Da Juncker a Stark, i chiacchieroni che hanno mandato in tilt i mercati

In fondo, bastava solo dare un’occhiata all’orologio. Anche distratta, magari. Giusto per accorgersi che mancavano ancora tre quarti d’ora alla chiusura delle Borse. Quanto il tempo di una partita di calcio. Ecco: Herr Jürgen Stark da Gau-Odernheim, colui che voleva essere arbitro dei destini italici, l’economista col pregiudizio incorporato sul Belpaese «tutto pizza e mandolini» e che per questo rideva in faccia a uno statista-galantuomo come Carlo Azeglio Ciampi, avrebbe potuto (e dovuto) aspettare solo 45 minuti prima di fischiare tre volte, urbi et orbi, il proprio congedo dalla Bce. Lasciando così ai mercati un intero un weekend per metabolizzarne la dipartita.
Invece, non l’ha fatto, con le conseguenze a tutti note. Inutile dire che la nostra Consob sospende dalle contrattazioni le società quotate da cui attende comunicazioni importanti, siano esse un aumento di capitale, un’acquisizione, oppure il lancio di un’Opa. Proprio per non alterare il corretto andamento degli scambi. Non serve scomodare Keynes, Ricardo, o qualche Nobel per l’economia: si tratta di un accorgimento elementare, dettato dal senso dell’opportunità. Dote di cui Stark, evidentemente, difetta.
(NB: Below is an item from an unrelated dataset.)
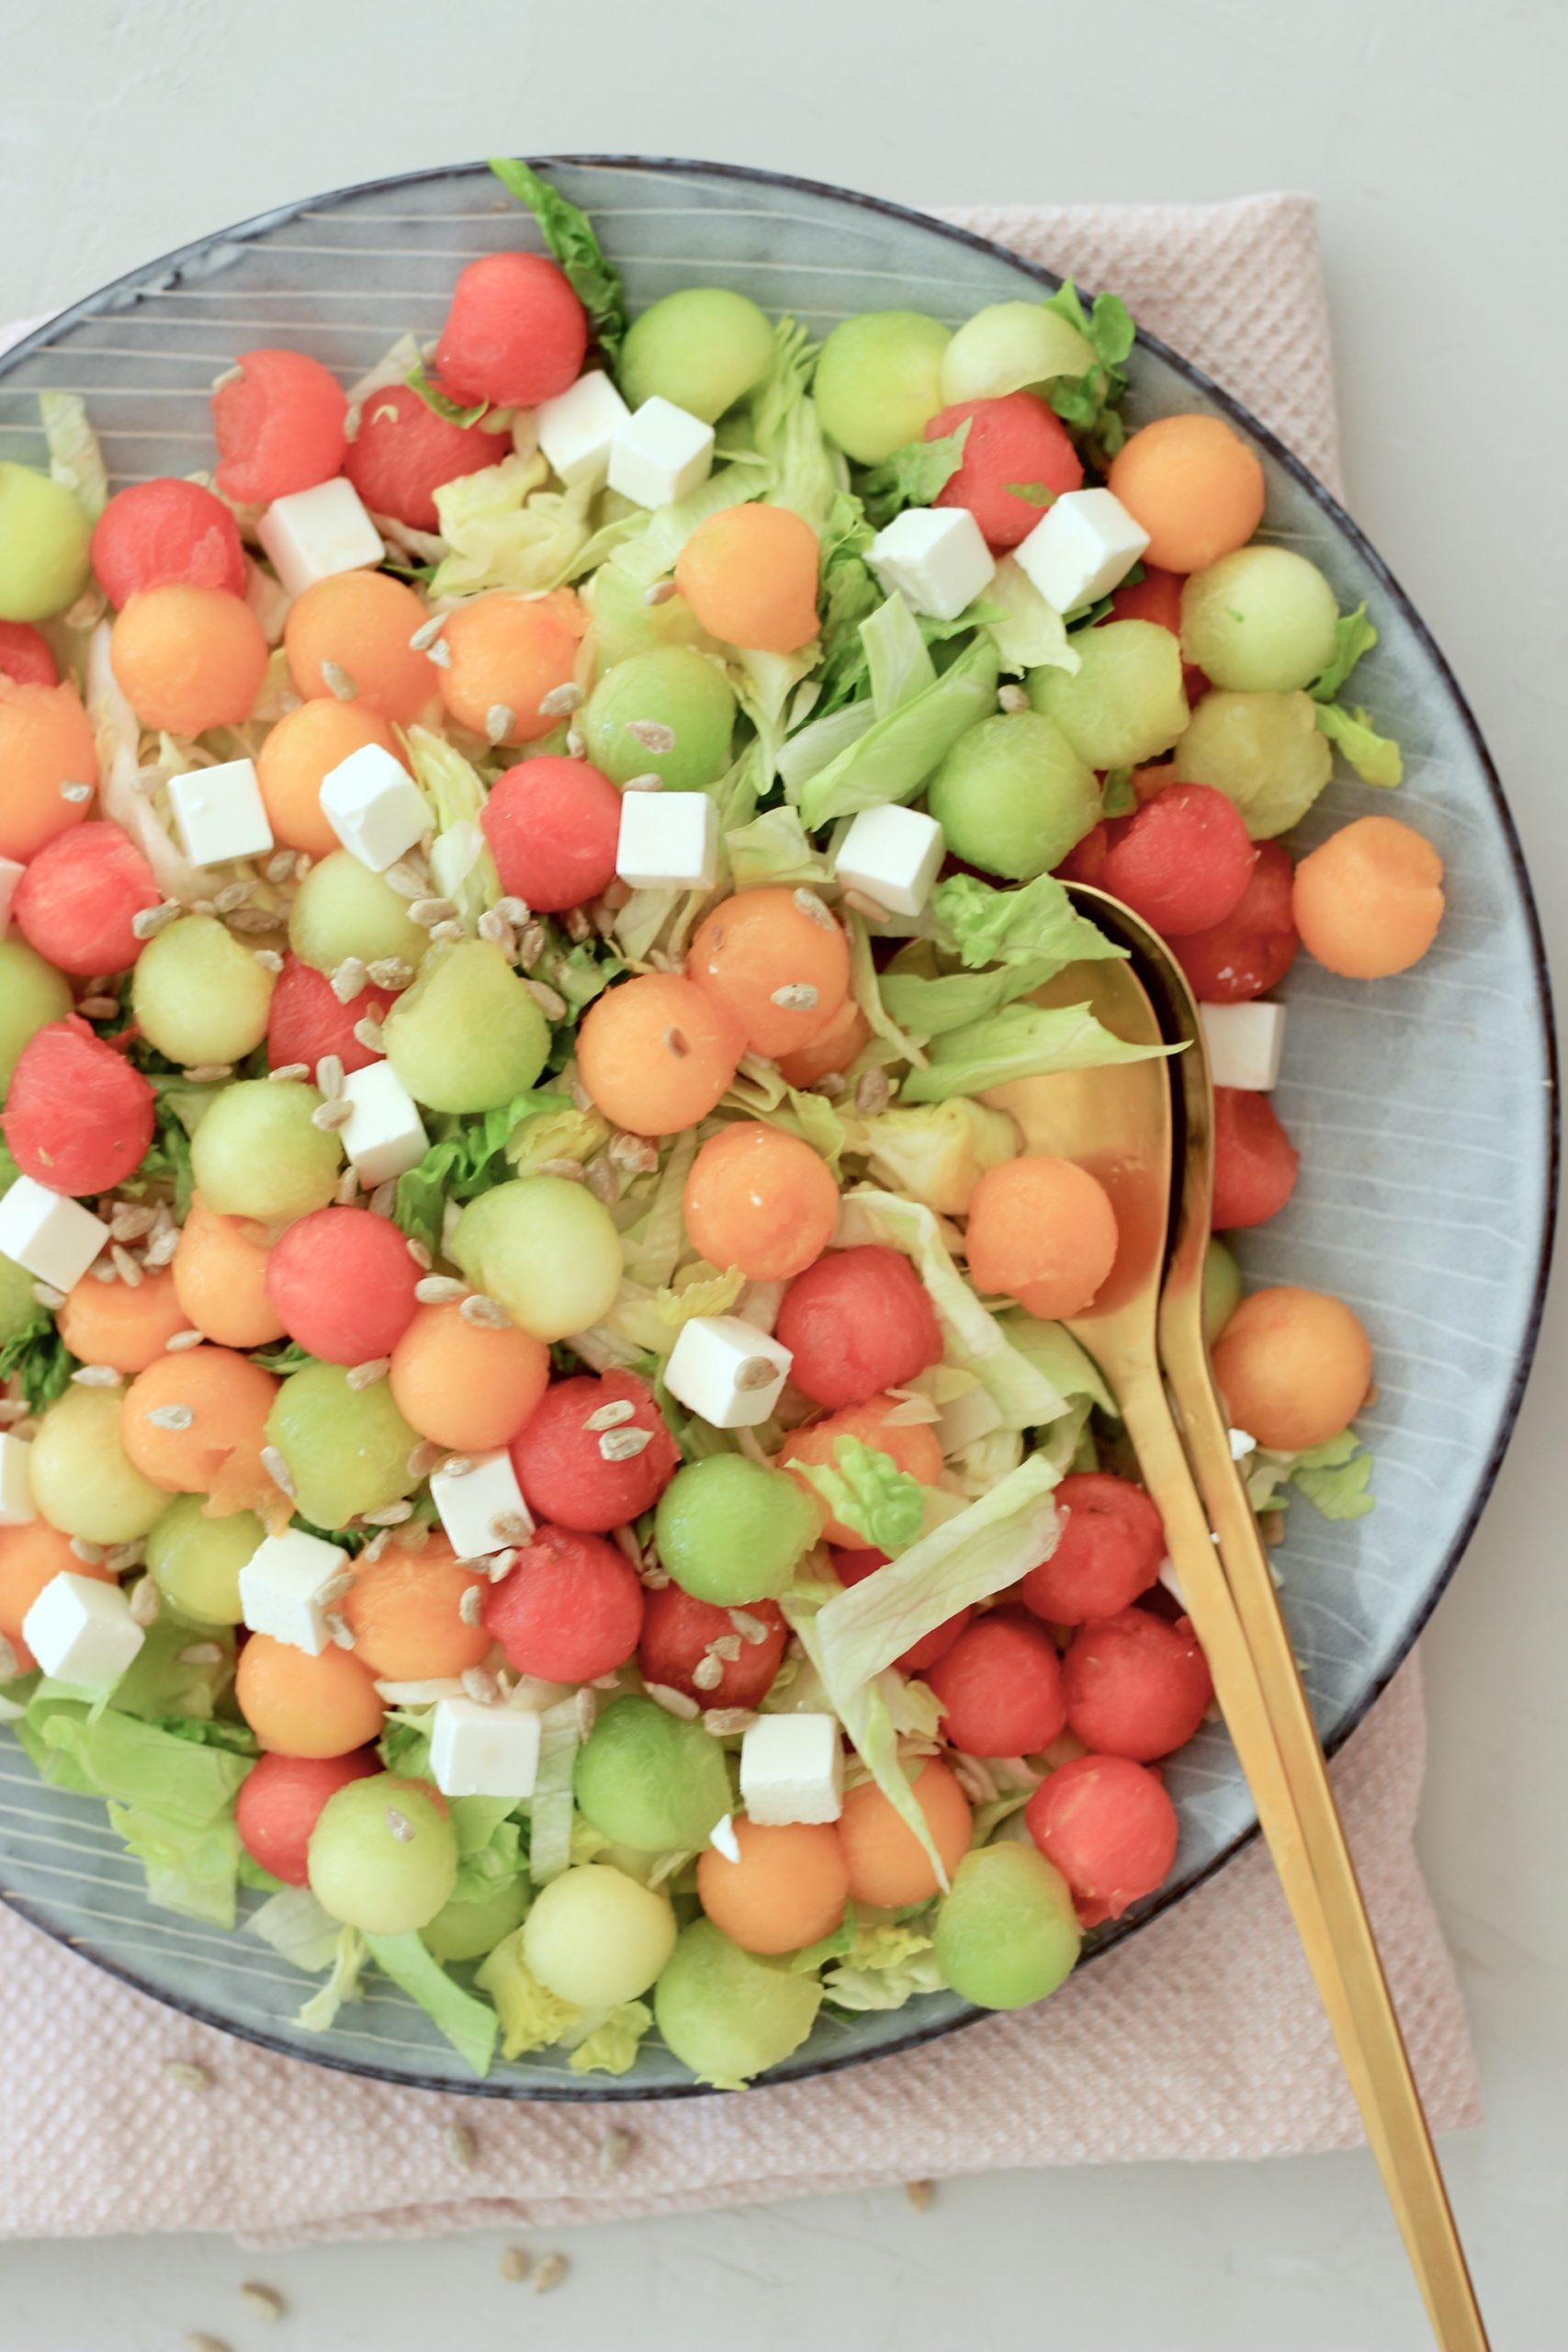 Aftensmad Ride Indsigt Melonsalat - Sommer salat med tre slags meloner

Il vecchio leader radicale Marco Pannella, la cui fascinazione per l’iperbole è nota, offre un’interpretazione pulp: «Pensate a questo eroe tedesco, Jürgen Stark, che di venerdì sera, un po’ prima della chiusura delle Borse, annuncia qualcosa che matematicamente avrebbe avuto conseguenze pesantissime sui mercati di tutto il mondo. Pensate a quante migliaia di miliardi in tre quarti d’ora, il signor Stark sapeva di poter movimentare». Market abuse? Aggiotaggio? Insider trading? Scegliete voi. L’accusa, naturalmente, è gravissima. E, se provata (ma non lo sarà mai), sarebbe un colpo mortale per la credibilità della Bce. Che, a quel punto, potrebbe far coriandoli del codice etico con cui disciplina perfino se un cadeau può essere accettato. Per non parlare delle ripercussioni sulla Germania, per la verità mai troppo tenera con chi sgarra. Ricordate quando l’allora presidente della Bundesbank, Ernst Welteke, fu costretto a dimettersi in fretta e furia per aver trascorso un fine settimana a Berlino ospite della Dresdner Bank?
Dunque, se non si vuol pensar male tenendo il Codice penale in mano, resta un’altra chiave di lettura. Quella, per intenderci, che ci porta dritti al dilettantesco modo di comunicare ai mercati. Le cronache del più recente passato sono stracolme di esternazioni dal timing più sgangherato del ritmo di un batterista sordo. Angela Merkel, per esempio, riuscì a gelare, nello scorso maggio, le Borse annunciando il divieto sulle vendite allo scoperto. E altrettanto fece Moody’s con l’annuncio del possibile taglio del rating dell’Italia. Ma è la crisi greca il vero paradigma dell’insostenibile leggerezza della comunicazione, una gara dove tutti hanno dato del loro peggio. Peschiamo nel mucchio: ecco Mr. Euro, Jean-Claude Juncker, ventilare prima una ristrutturazione soft del debito di Atene e poi spiegare che l’Fmi potrebbe chiudere il rubinetto degli aiuti alla Grecia. Risultato: ruzzolone dei mercati. E che dire di Christine Lagarde, che a un passo dal vertice del Fondo se ne uscì con la frase «Atene rischia la bancarotta»? Conseguenze: i mercati crollarono. Qualche sprovveduto, d’altra parte, la Grecia ce l’ha anche in casa. Tipo la Commissaria Ue alla pesca Maria Damanakis, che sul suo sito arrivò a invocare un ritorno alla dracma. Altra picchiata degli indici. Poi c’è il capitolo dei report, come quello del Fondo monetario internazionale che dipingeva l’Italia come un Paese a rischio debito sovrano.

Seguì rettifica, ma il danno era ormai fatto.
Insomma, mettiamola giù semplice. Per evitare guai, basterebbe riflettere prima di parlare. E guardare l’orologio. Chissà se adesso, in ricordo della sua (burrascosa) militanza, l’Eurotower ne regalerà uno a Stark.